Of particular interest to me is this concept of “rebooting.” We have recently realized that one of the underpinnings of chronic disease is the persistence of inflammation. The body has lost its ability to turn off this inflammatory signal and inflammation proceeds, unchecked. In my last newsletter, we talked about the Cell Danger Response as a model that helps us to understand this prolonged inflammatory process. FSM is uniquely capable of reversing this process because it can treat so many different conditions.
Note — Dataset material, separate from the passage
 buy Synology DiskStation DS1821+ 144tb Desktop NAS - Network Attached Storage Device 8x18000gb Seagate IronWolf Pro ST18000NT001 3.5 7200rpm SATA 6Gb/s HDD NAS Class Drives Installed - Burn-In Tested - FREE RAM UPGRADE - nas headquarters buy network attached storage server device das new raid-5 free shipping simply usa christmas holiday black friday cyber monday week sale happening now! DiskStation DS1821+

Diana Cross, an Australian physician, delivered a brilliant discussion of how FSM may be able to facilitate this rebooting process. She reminded us that the speed with which FSM works in reversing cervical trauma fibromyalgia must be accounted for in this understanding. I mentioned previously that within two hours we not only see marked clinical improvement, but that we can measure profound drops in inflammatory markers (IL-1, IL-6, TNF-alpha) and profound increases in cortisol and endorphins. To explain these phenomena would require some kind of switch that could be affected by the frequencies of FSM. Diana then provided an intriguing model which involved the understanding of G-protein coupled receptors (GPCRs) which are a large (over 1000 known) family of membrane proteins which are designed to respond to different stimuli. To a certain degree, these GPCRs are controlled by a process called allosteric inhibition and this, in turn can be dysregulated by prolonged inflammation.
Diana suggests that FSM may work by using its resonant frequencies which act on the allosteric ligands (parts of the molecule) to activate what is essentially and “on” and “off” switch to rapidly “reboot” a system that is dysfunctional. The potential uses for FSM within this context are almost limitless.
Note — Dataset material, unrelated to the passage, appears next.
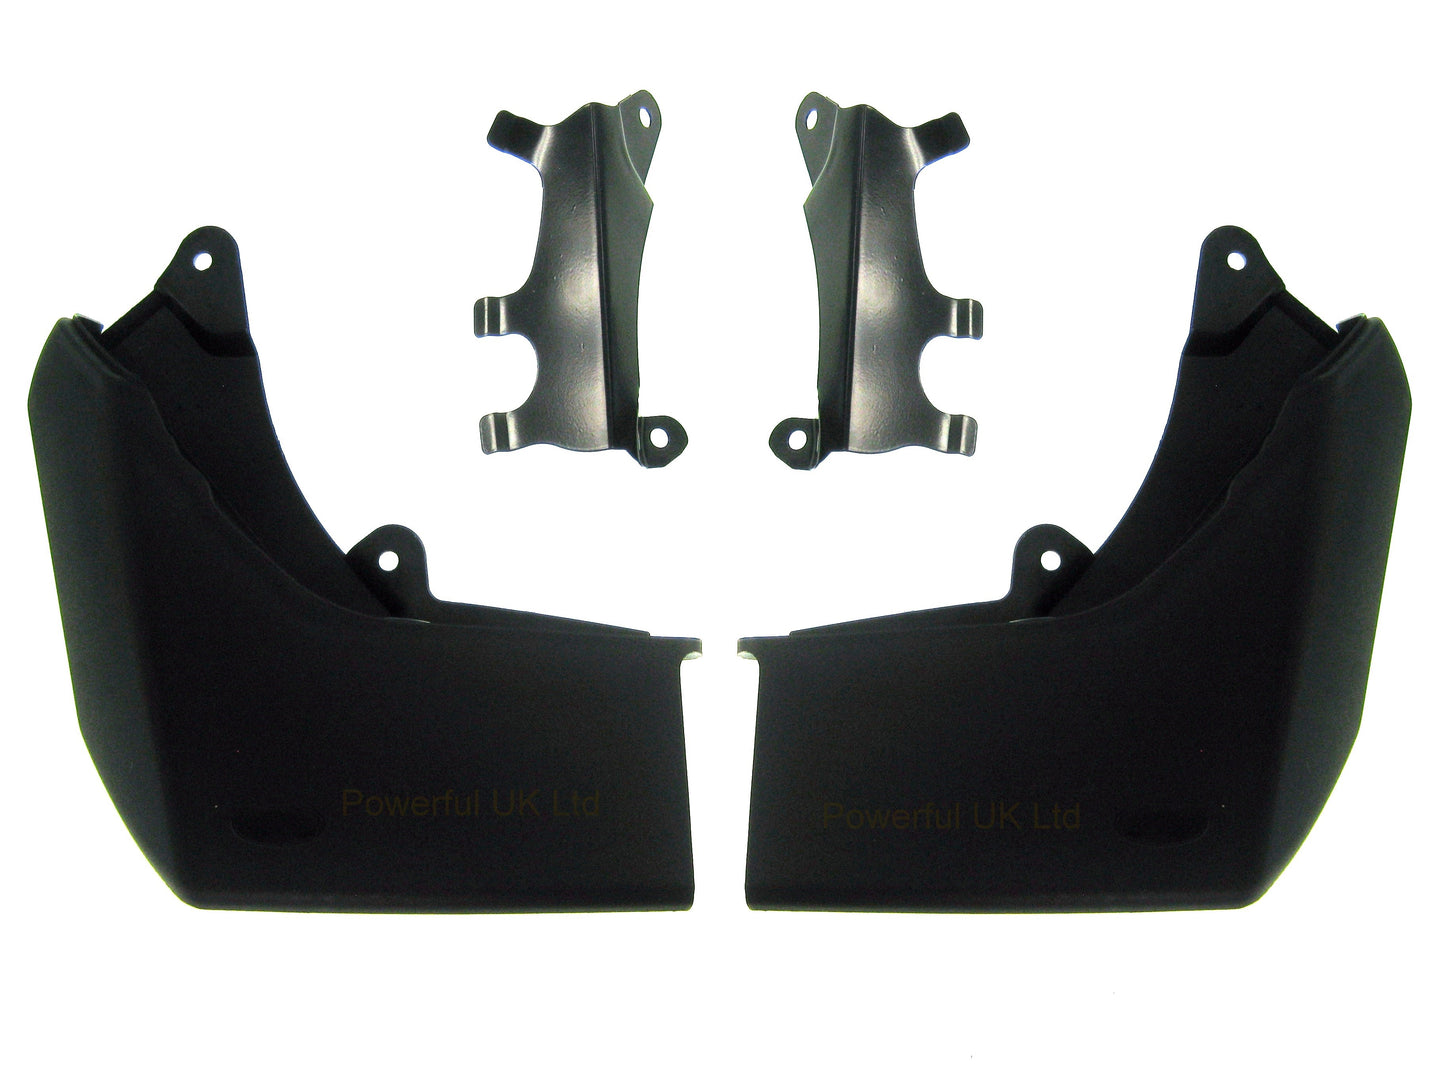 Aftermarket Mudflap kit - Front - for Land Rover Discovery 3 & 4

Simon Yu, a physician from St. Louis, Missouri, gave a wonderful lecture on the possibility that infections of parasites are significantly under-diagnosed in this country. He reminded us of the well-known fact that our current ability to diagnose parasitic infections is woefully inadequate, and presented a long series of cases in which empirical treatment with anti-parasitic medications resulted in rapid improvements in patients who were otherwise not responding to the usual treatments for chronic fatigue, fibromyalgia, and Lyme disease. He encouraged us to keep this in mind in patients who are not improving under our care, and I think this is excellent advice.
Dr. David Burke, a pediatrician at the Cleveland Clinic, gave an exciting talk about his use of FSM in the treatment of ADD and ADHD. In children with these disorders who had not responded to the usual medications prescribed, David gave us the frequencies he has used to document rapid and profound improvement in these patients, and I will encourage all interested practitioners to follow his expanding research in this area.
These are but a few of the presentations that grabbed my interest at this meeting, and you may want to contact www.frequencyspecific.com to obtain a complete audio of these presentations. Dr. McMakin’s new book, The Resonance Effect: How Frequency Specific Microcurrent is Changing Medicine has just been published and is a wonderful description of how this technology evolved.
For those intrigued by the potential of this remarkable technology, you may want to consider treatment for yourself or your patients, and you can find a list of well-trained practitioners on that website. I look forward to learning even more about the uses of FSM at future meetings.